▶ EXERCISE DIRECTIONS
Return the listing below exactly, with the pictures dropped.

▶ INFORMATION SUPPLIED
☆ ☆ ☆ ☆ ☆

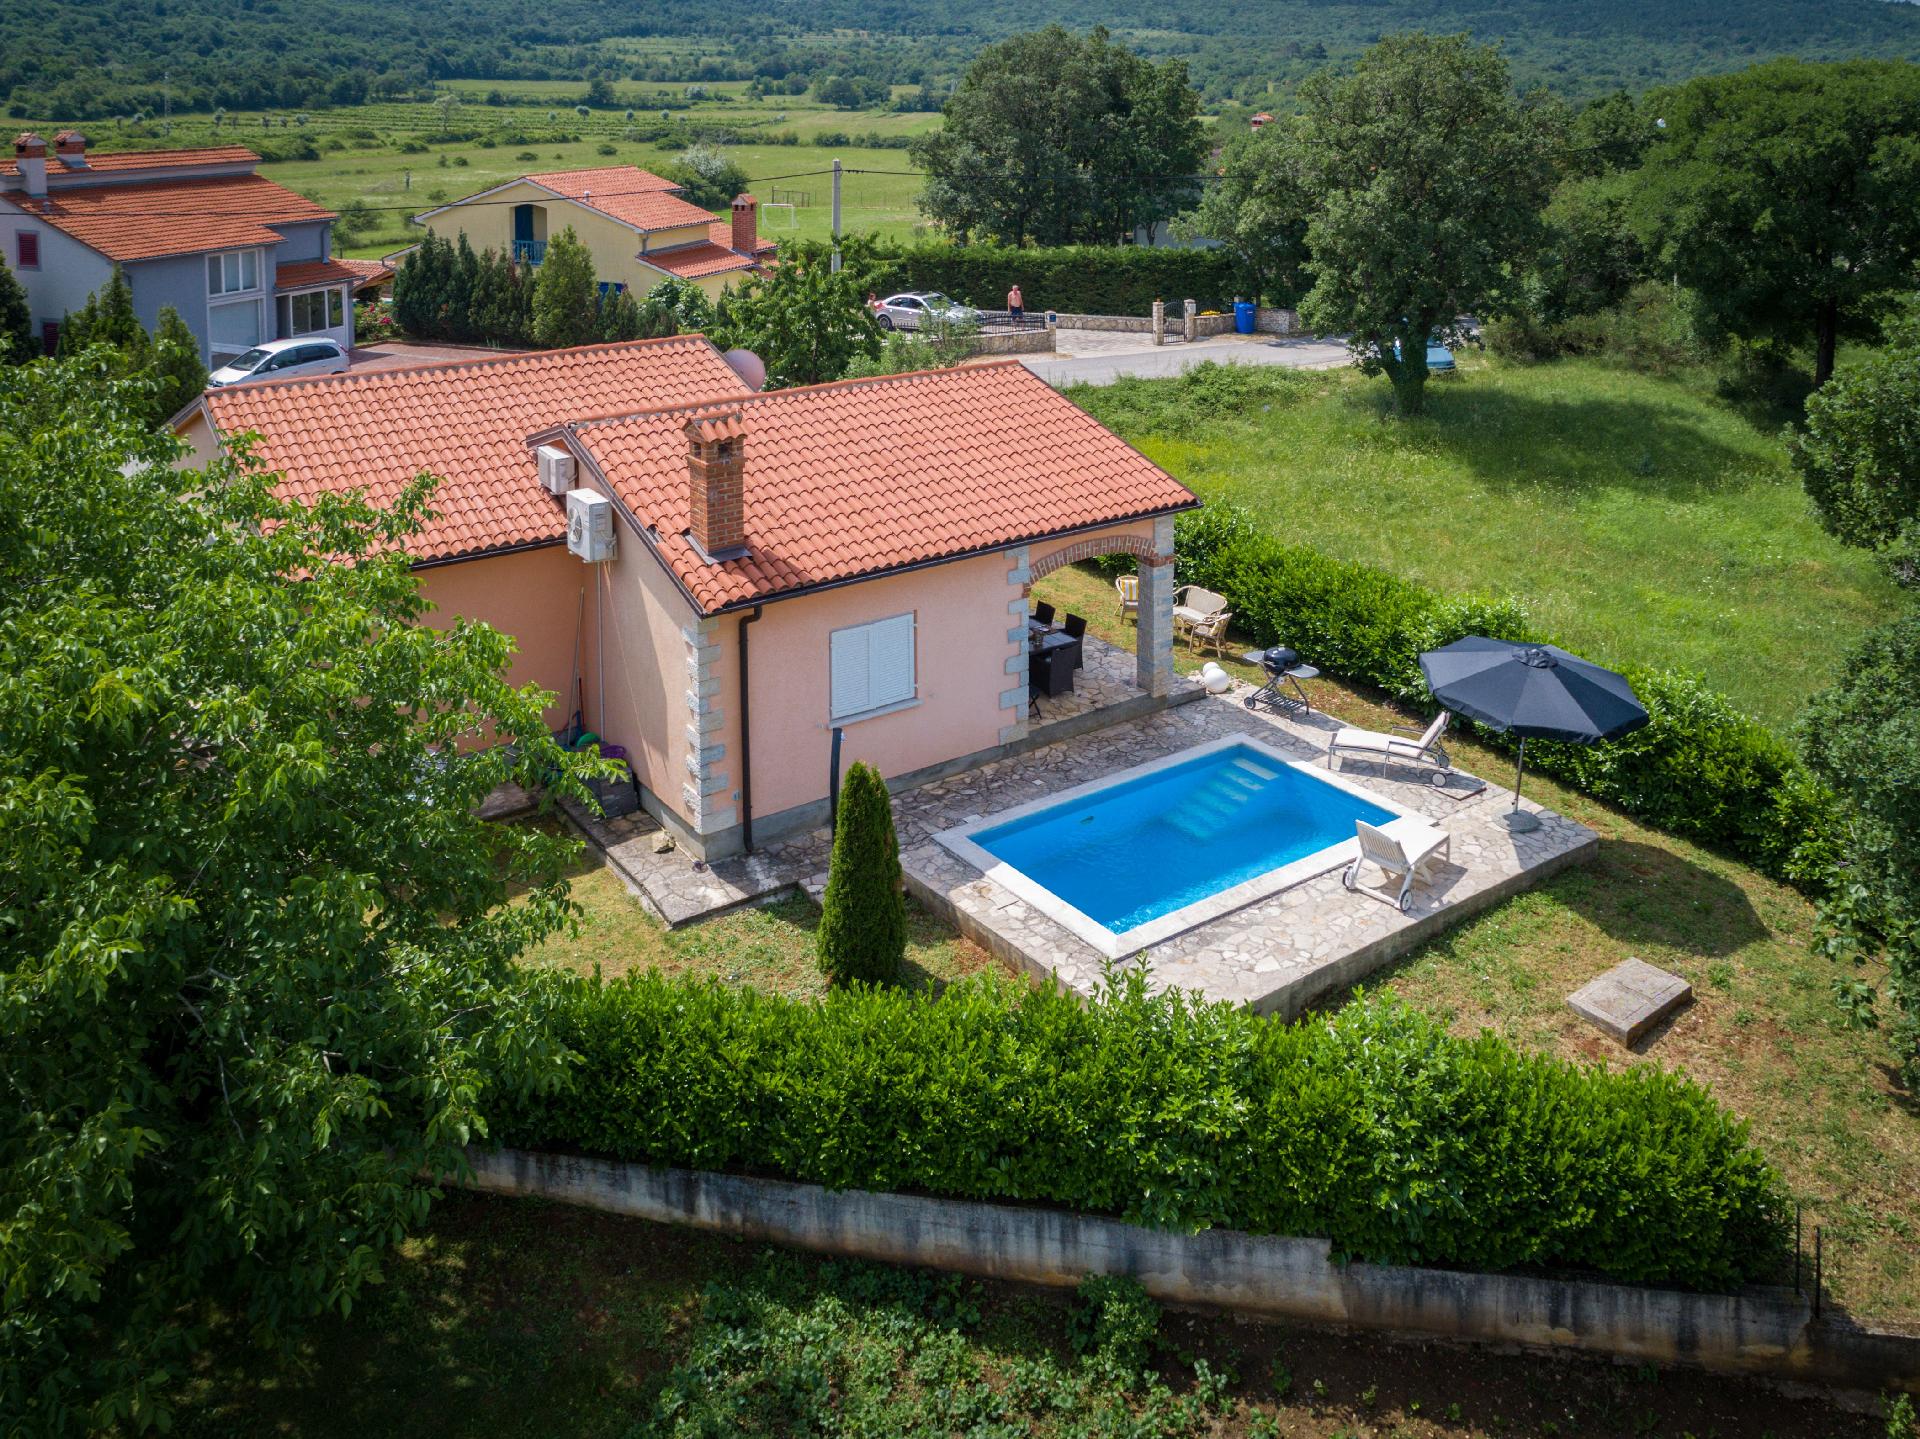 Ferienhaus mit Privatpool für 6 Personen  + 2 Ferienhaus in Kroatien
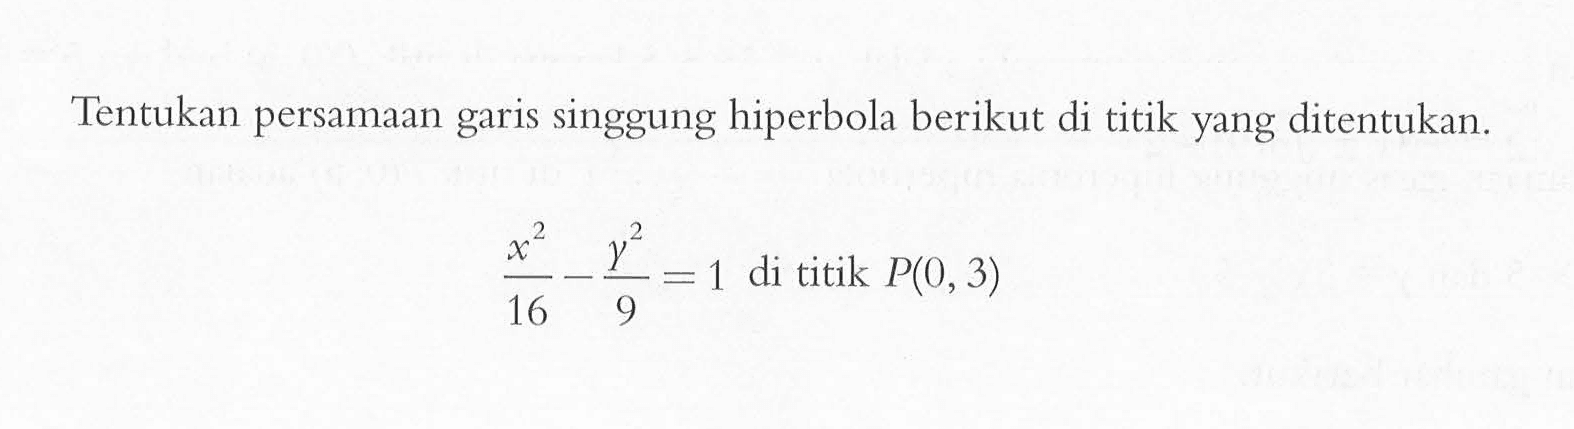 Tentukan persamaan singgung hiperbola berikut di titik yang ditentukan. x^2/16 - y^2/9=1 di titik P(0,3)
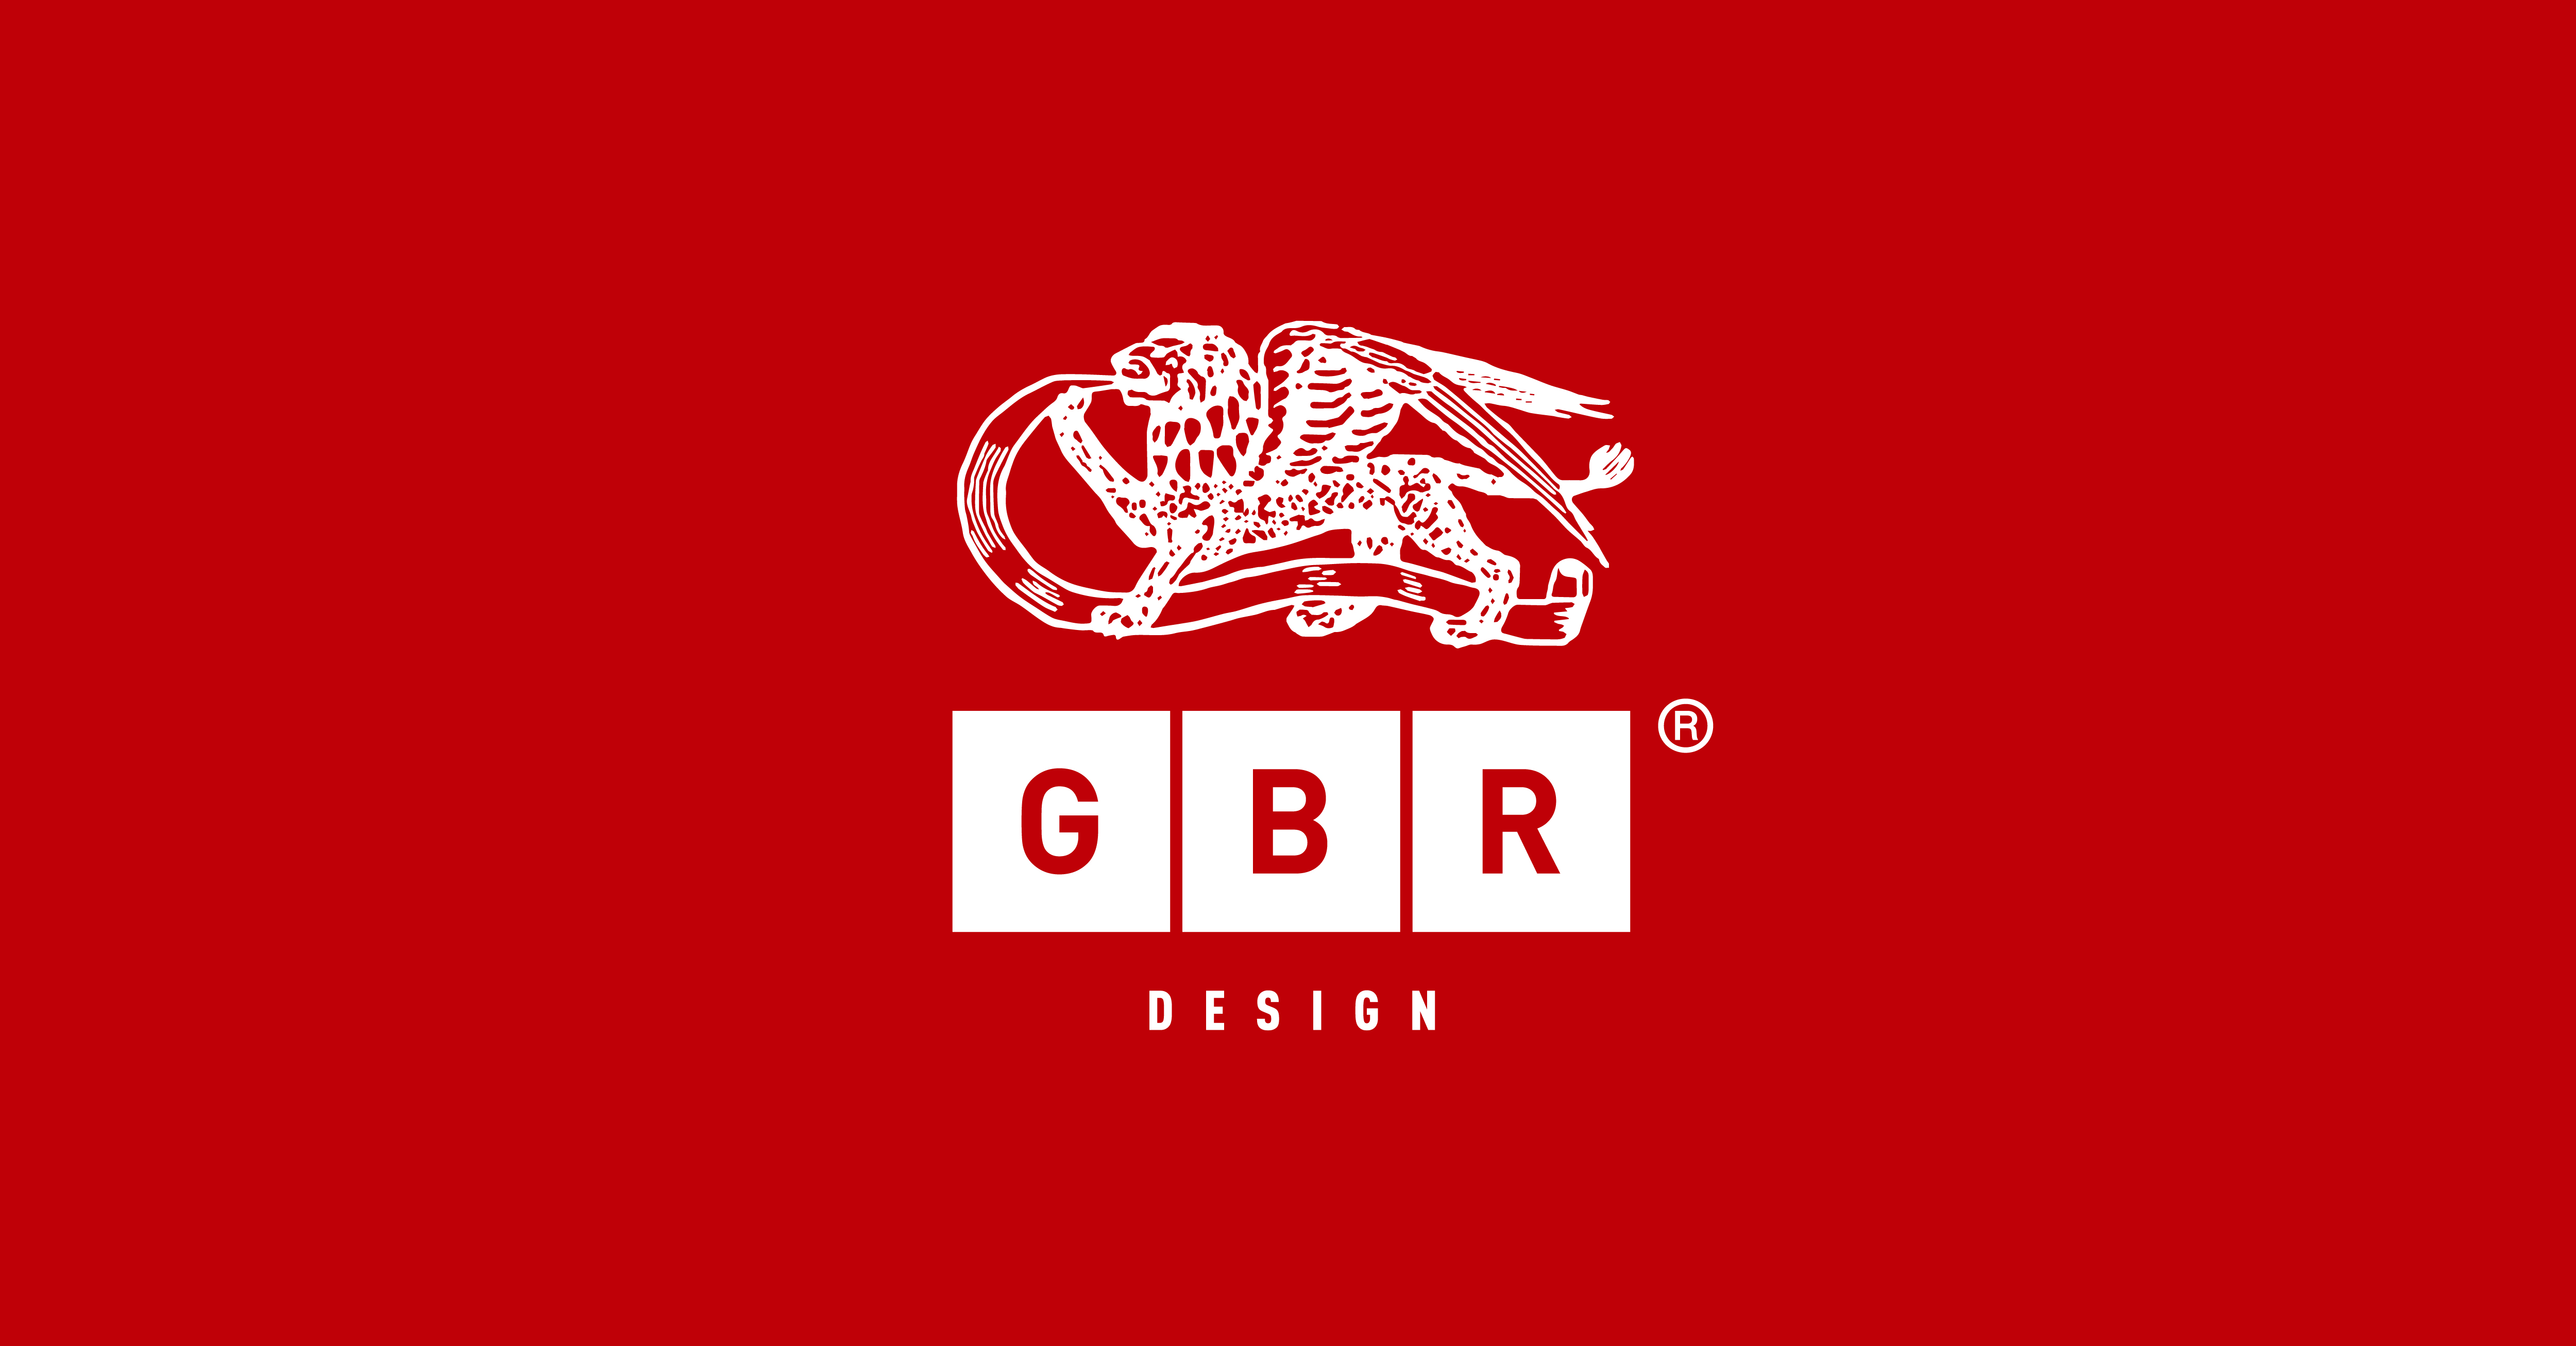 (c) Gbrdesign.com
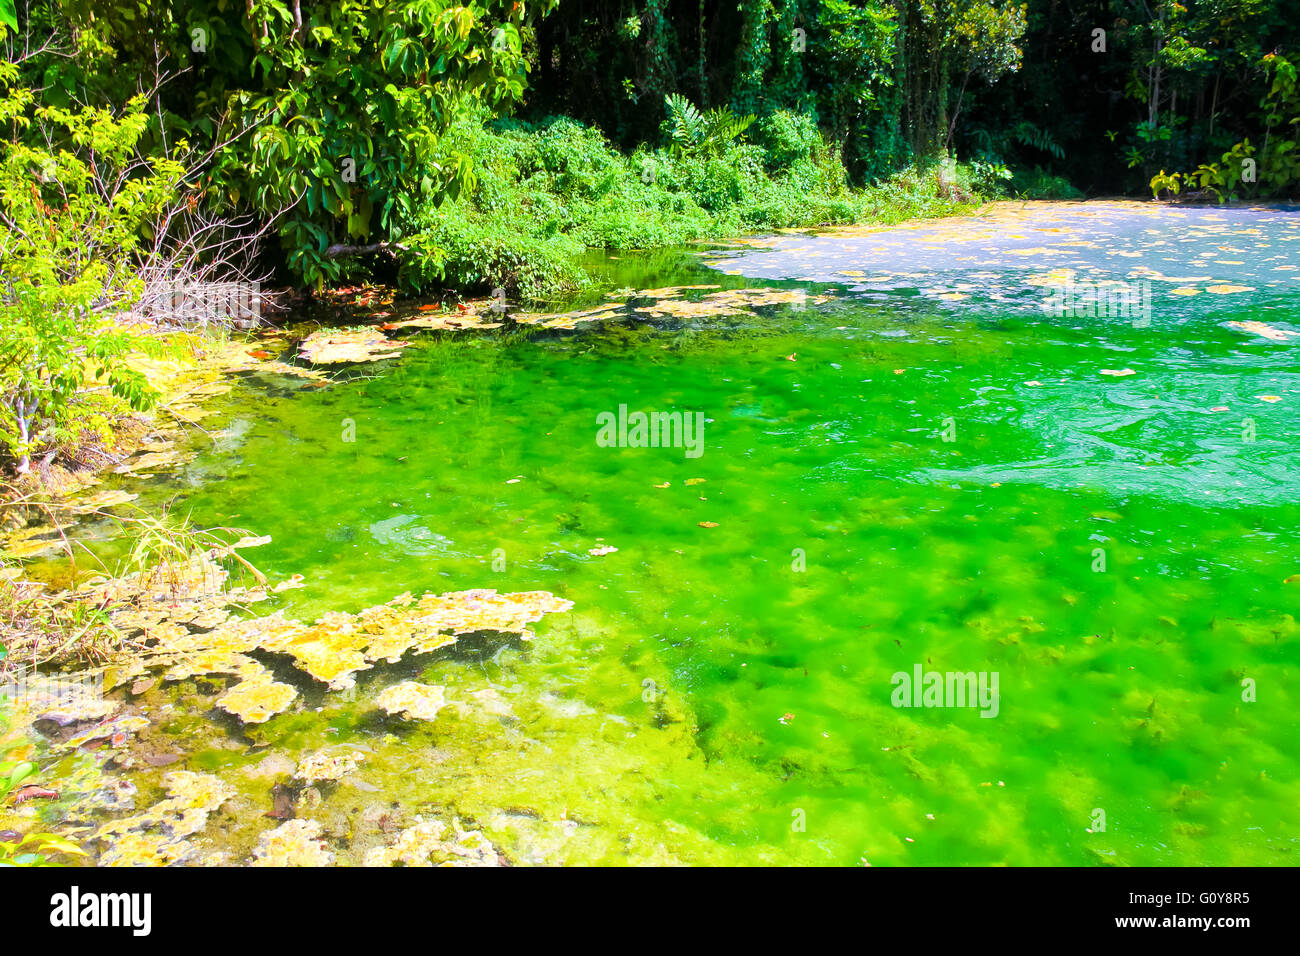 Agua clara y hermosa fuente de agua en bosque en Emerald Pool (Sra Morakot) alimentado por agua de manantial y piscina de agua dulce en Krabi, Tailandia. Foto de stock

☆ ☆ ☆ ☆ ☆

▶ WRITTEN SOLUTION
 Ferienhaus mit Privatpool für 6 Personen  + 2 Ferienhaus in Kroatien
 Tentukan persamaan singgung hiperbola berikut di titik yang ditentukan. x^2/16 - y^2/9=1 di titik P(0,3)
 (c) Gbrdesign.com
 Agua clara y hermosa fuente de agua en bosque en Emerald Pool (Sra Morakot) alimentado por agua de manantial y piscina de agua dulce en Krabi, Tailandia. Foto de stock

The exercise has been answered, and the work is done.